Trunyan village has been famous for their Pura Pancering Jagat (meaning ‘temple of the navel of the world’), but unfortunately visitors are not allowed inside. There is also a traditional couple Bali Aga-style housing and unique ‘Bale Agung’, where the council of elders makes their decisions. The great hall (as its meaning) is one of the largest traditional buildings on Bali. Other traditional architectural oddities include special boys’ and girls’ clubhouses (“Bale Truna” and “Bale Daha”), a pavilion where married women meet (Bale Loh), and a great wooden ferris wheel put in motion during ceremonial occasions.
The people keep hidden the 4-metre-high statue of ‘Ratu Gede Pusering Jagat’, the powerful patron guardian of the village. This megalithic statue is fiercely guarded and attributed with magical powers, and only viewed at the time of the temple ‘odalan, the anniversary ceremony that takes place in Trunyan around the October full moon.

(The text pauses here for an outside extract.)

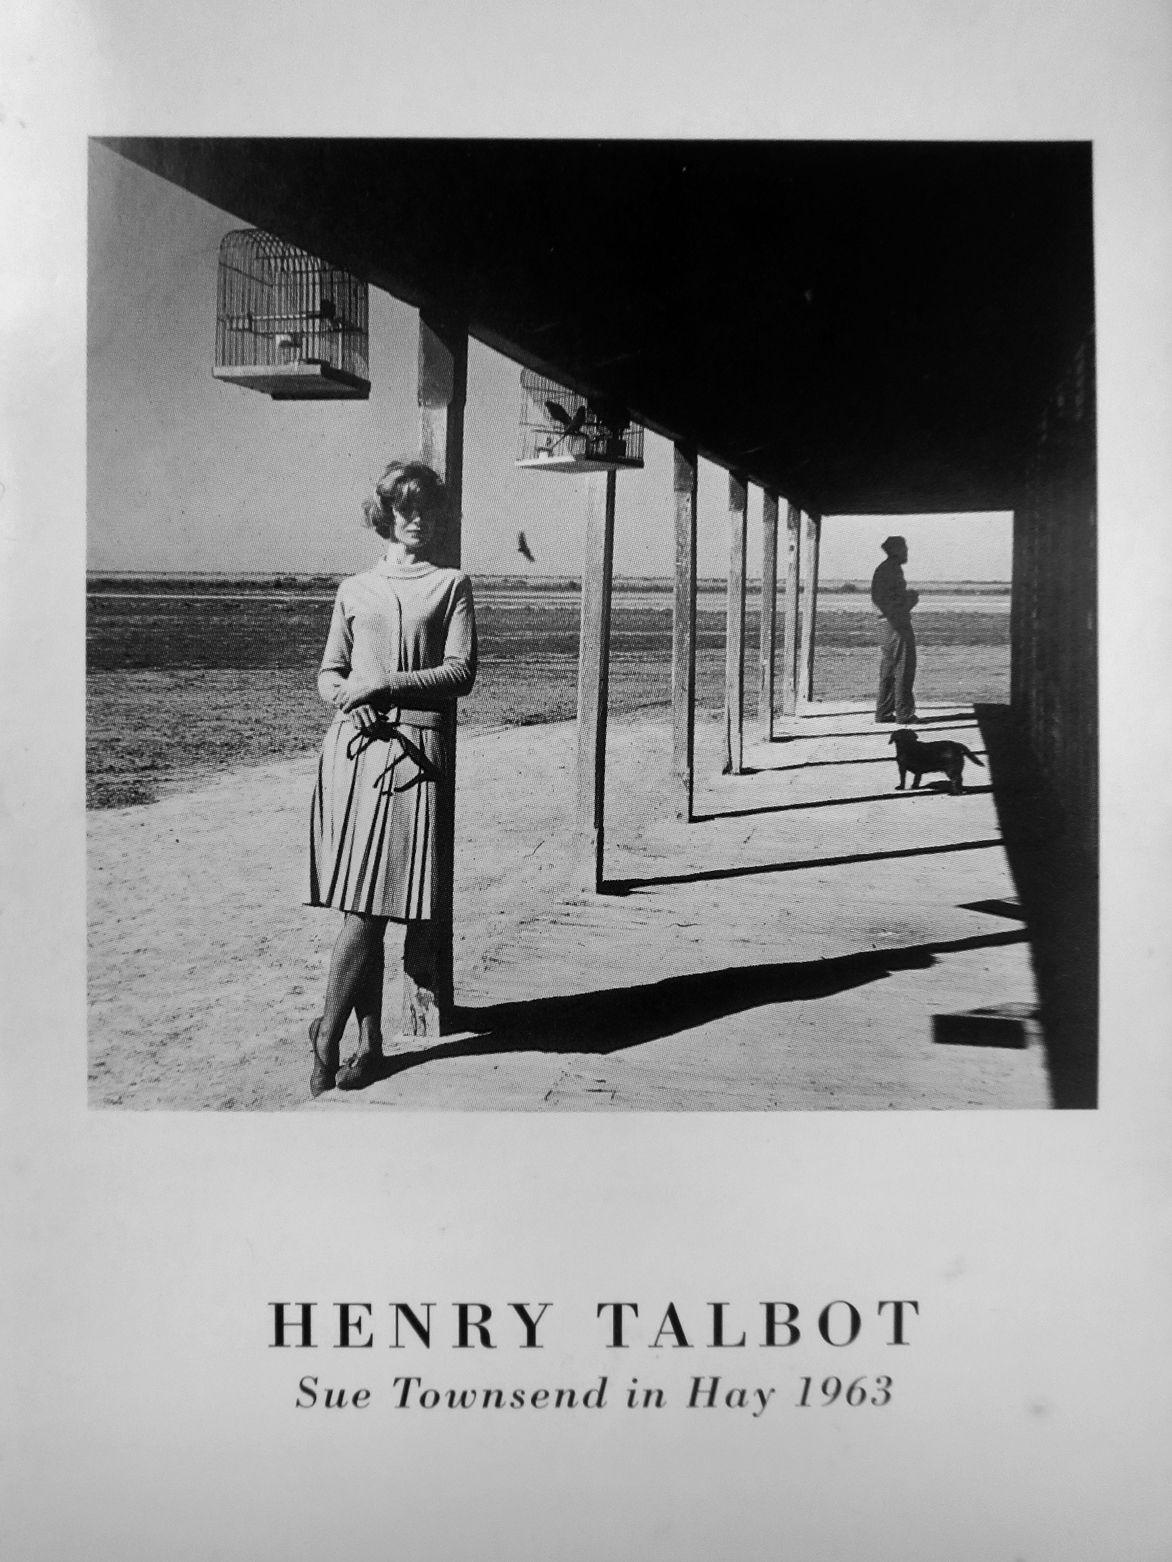 Henry Talbot Photography Retrospective Exhibition programme, Byron Mapp Gallery, 1998.

But it is a mysterious cemetery that is separated by the lake near sub-village Kuban that attracts the biggest attention. Only accessible by boat, the ancient site has no path along steep walls of the crater rim at all. There, the air is clammy and the atmosphere is heavy and eerie. Spectacular view of this green mountain backdrop and deep blue lake with Mt. Batur to the east was a treat: not many people get to see Bali’s most active volcano.
Today, tourists flock to the locality, now collectively known as Kintamani, to experience the other side of Bali. Trunyan villages and cemetery together with the panoramic scenery of the mountain and lake offer different vacation option.
  
so a brief explanation regarding the Trunyan. We wish could be one of the alternatives for your visit to Bali.